This is because NumPy will automatically insert trailing slices for you if you don’t provide as many indices as there are dimensions for your array. grades[0] was treated as grades[0, :].

Suppose you have an \(N\)-dimensional array, and only provide \(j\) indices for the array; NumPy will automatically insert \(N-j\) trailing slices for you. In the case that \(N=5\) and \(j=3\), d5_array[0, 0, 0] is treated as d5_array[0, 0, 0, :, :]

Thus far, we have discussed some rules for accessing data in arrays, all of which fall into the category that is designated “basic indexing” by the NumPy documentation. We will discuss the details of basic indexing and of “advanced indexing”, in full, in a later section. Note, however, that all of the indexing/slicing reviewed here produces a “view” of the original array. That is, no data is copied when you index into an array using integer indices and/or slices. Recall that slicing lists and tuples do produce copies of the data.

FYI:

Keeping track of the meaning of an array’s various dimensions can quickly become unwieldy when working with real datasets. xarray is a Python library that provides functionality comparable to NumPy, but allows users provide explicit labels for an array’s dimensions; that is, you can name each dimension. Using an xarray to select Brad’s scores could look like grades.sel(student='Brad'), for instance. This is a valuable library to look into at your leisure.

N-dimensional Arrays

Let’s build up some intuition for arrays with a dimensionality higher than 2. The following code creates a 3-dimensional array:

# a 3D array, shape-(2, 2, 2)
>>> d3_array = np.array([[[0, 1],
...                       [2, 3]],
...
...                      [[4, 5],
...                       [6, 7]]])

You can think of axis-0 denoting which of the 2x2 “sheets” to select from. Then axis-1 specifies the row along the sheets, and axis-2 the column within the row:

Depicting the layout of a 3D array

      sheet 0:
             [0, 1]
             [2, 3]

      sheet 1:
             [4, 5]
             [6, 7]



   |       -- axis-2 ->
   |    |
   |  axis-1 [0, 1]
   |    |    [2, 3]
   |    V
axis-0
   |      -- axis-2 ->
   |    |
   |  axis-1 [4, 5]
   |    |    [6, 7]
   V    V

Thus d3_array[0, 1, 0] specifies the element residing in sheet-0, at row-1 and column-0:

# retrieving a single element from a 3D-array
>>> d3_array[0, 1, 0]
2

d3_array[:, 0, 0] specifies the elements in row-0 and column-0 of both sheets:

# retrieving a 1D sub-array from a 3D-array
>>> d3_array[:, 0, 0]
array([0, 4])

d3_array[1], which recall is shorthand for d3_array[1, :, :], selects both rows and both columns of sheet-1:

# retrieving a 2D sub-array from a 3D-array
>>> d3_array[1]
array([[4, 5],
       [6, 7]])

In four dimensions, one can think of “stacks of sheets with rows and columns” where axis-0 selects the stack of sheets you are working with, axis-1 chooses the sheet, axis-2 chooses the row, and axis-3 chooses the column. Extrapolating to higher dimensions (“collections of stacks of sheets …”) continues in the same tedious fashion.
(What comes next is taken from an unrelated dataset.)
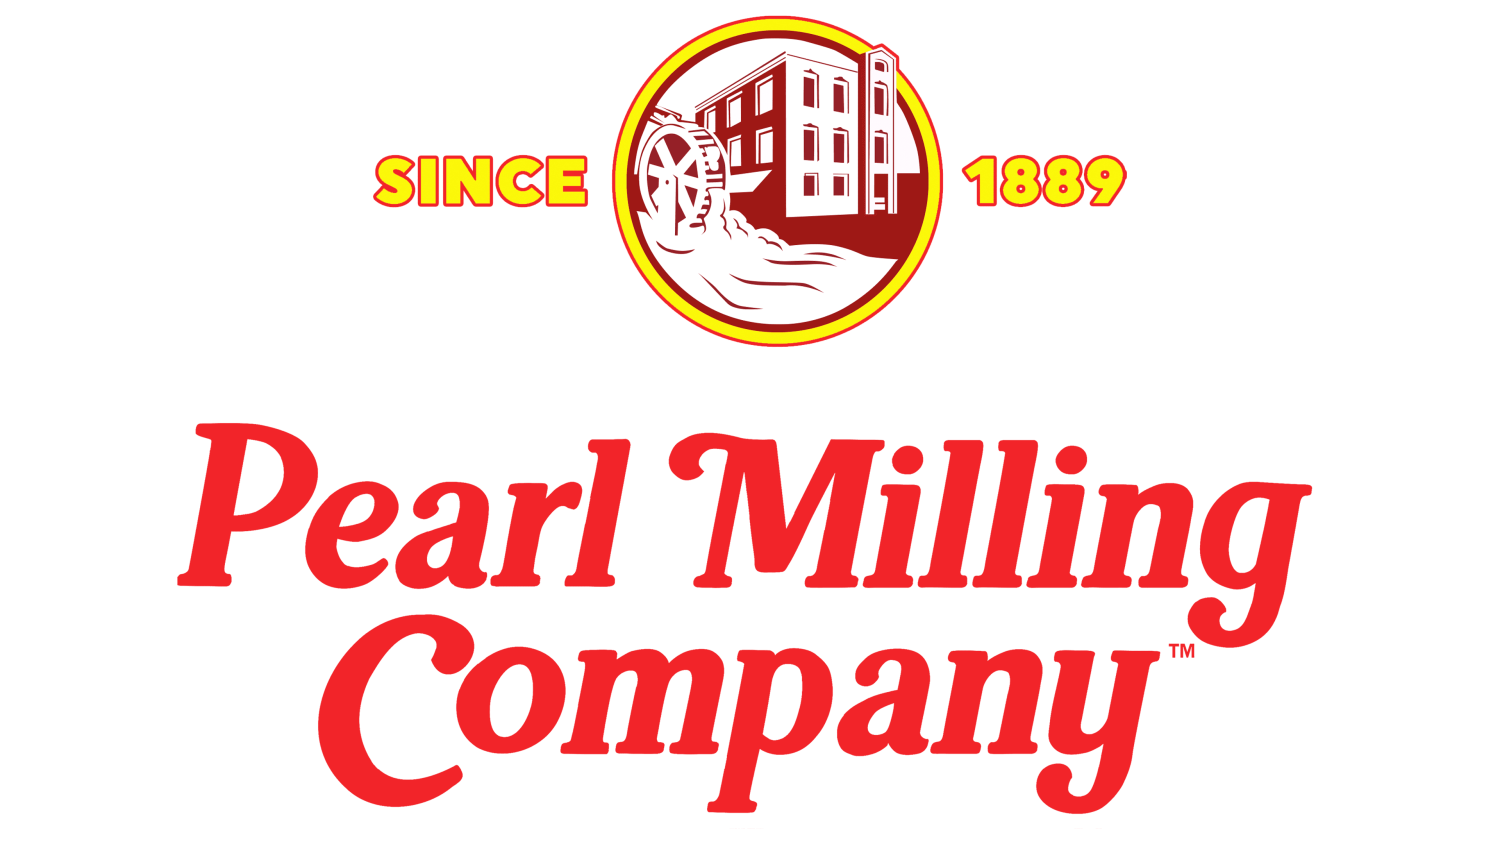 Pearl Milling

Reading Comprehension: Multi-dimensional Indexing

Given the 3D, shape-(3, 3, 3) array:

>>> arr = np.array([[[ 0,  1,  2],
...                  [ 3,  4,  5],
...                  [ 6,  7,  8]],
...
...                 [[ 9, 10, 11],
...                  [12, 13, 14],
...                  [15, 16, 17]],
...
...                 [[18, 19, 20],
...                  [21, 22, 23],
...                  [24, 25, 26]]])

Index into the array to produce the following results

#1
array([[ 2,  5,  8],
       [11, 14, 17],
       [20, 23, 26]])

#2
array([[ 3,  4,  5],
       [12, 13, 14]])

#3
array([2, 5])

#4
array([[11, 10,  9],
       [14, 13, 12],
       [17, 16, 15]])

Zero-dimensional Arrays

A zero dimensional array is simply a single number (a.k.a. a scalar value):

# creating a 0-dimensional array
>>> x = np.array(15.2)

This is not equivalent to a length-1 1D-array: np.array([15.2]). According to our definition of dimensionality, zero numbers are required to index into a 0-D array as it is unnecessary to provide an identifier for a standalone number. Thus you cannot index into a 0-D array.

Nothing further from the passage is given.